Question

(I) What is the repulsive electrical force between two protons\({\bf{4}}{\bf{.0 \times 1}}{{\bf{0}}^{{\bf{ - 15}}}}\;{\bf{m}}\)apart from each other in an atomic nucleus?

Short answer

The repulsive electrical force between two protons is \(14.4\;{\rm{N}}\).

Step-by-step solution

Understanding the electric force

A point charge exerts an electric force on another point charge in the vicinity. It could be attractive as well as repulsive depending upon the nature of the two charges.

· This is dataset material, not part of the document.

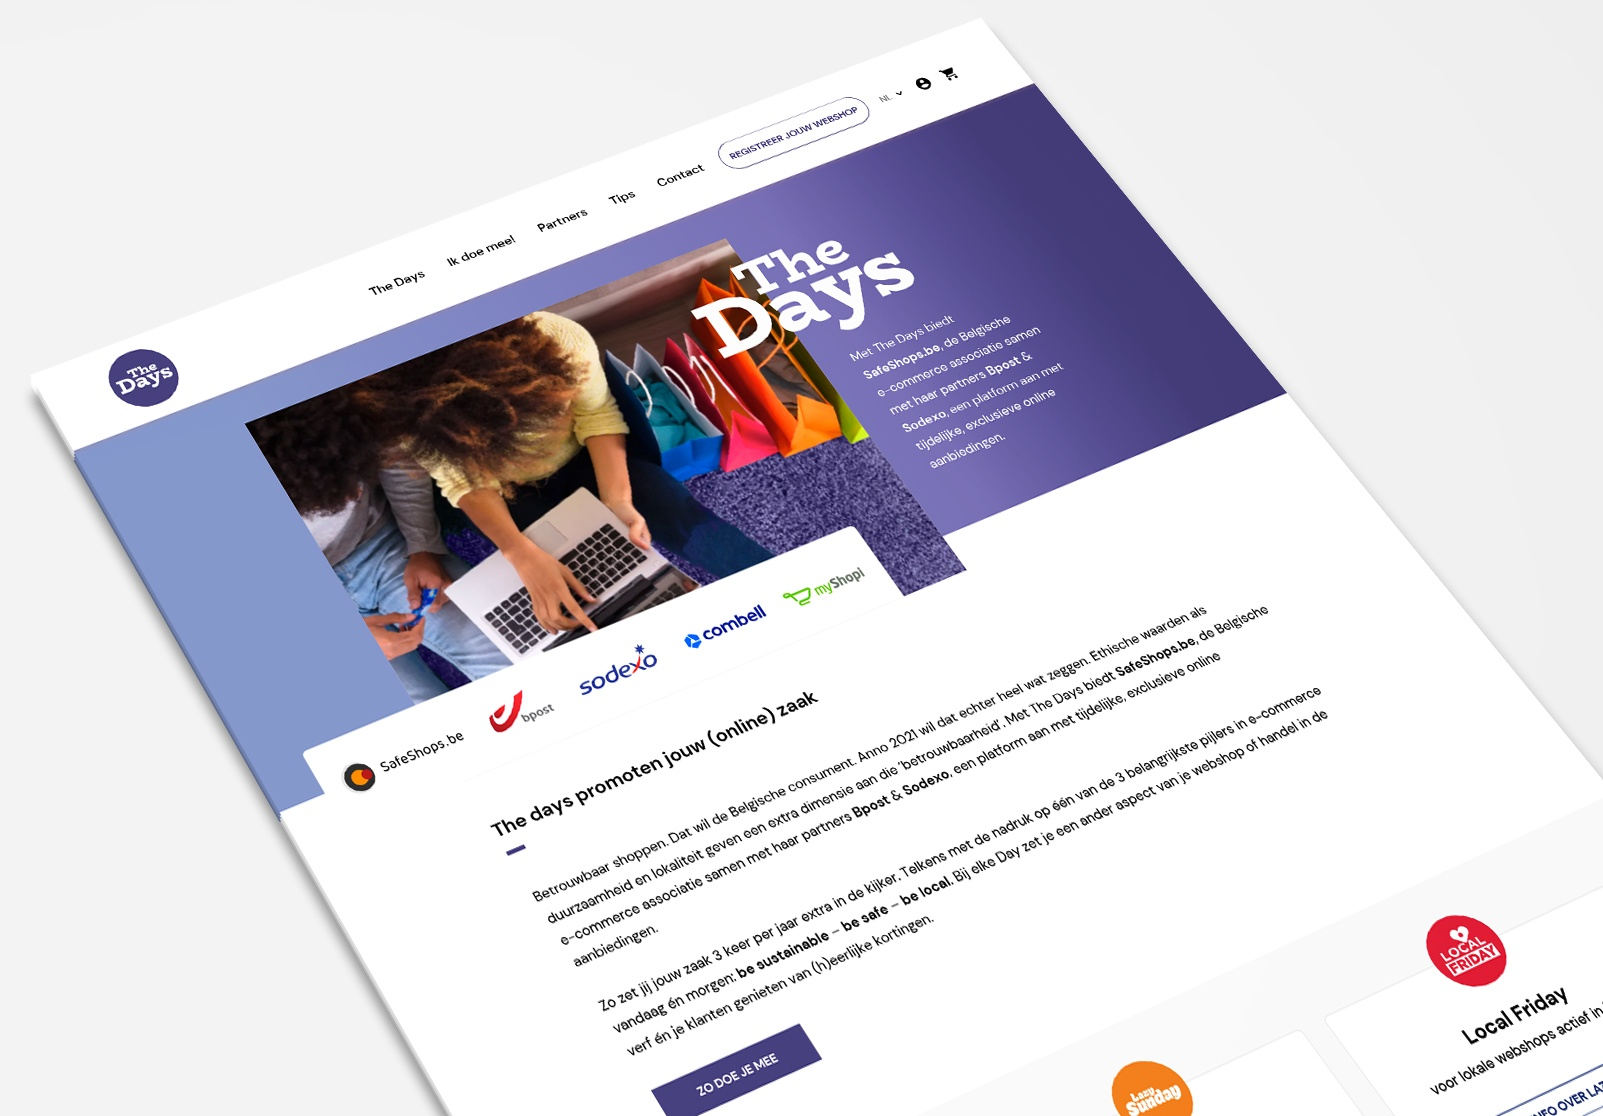 The Days Website

The expression for the electric force is given as:

\(F = k\frac{{{Q_1}{Q_2}}}{{{r^2}}}\) … (i)

Here, k is the Coulomb’s constant,\({Q_1},\;{Q_2}\)are the charges and r is the separation between the charges.

Given Data

The separation between the protons is, \(r = 4.0 \times {10^{ - 15}}\;{\rm{m}}\).

The charge of a proton is, \(q = 1.6 \times {10^{ - 19}}\;{\rm{C}}\)

Calculation of magnitude of force

From equation (i), the electric force between protons is,

\(F = k\frac{{{q^2}}}{{{r^2}}}\)

Substitute the values in the above expression.

\(\begin{aligned}{l}F = \left( {9.0 \times {{10}^9}\;{\rm{N}} \cdot {{\rm{m}}^2}{\rm{/}}{{\rm{C}}^2}} \right)\frac{{{{\left( {1.6 \times {{10}^{ - 19}}\;{\rm{C}}} \right)}^2}}}{{{{\left( {4.0 \times {{10}^{ - 15}}\;{\rm{m}}} \right)}^2}}}\\F = 14.4\;{\rm{N}}\end{aligned}\)

Thus, the repulsive electrical force between two protons is\(14.4\;{\rm{N}}\).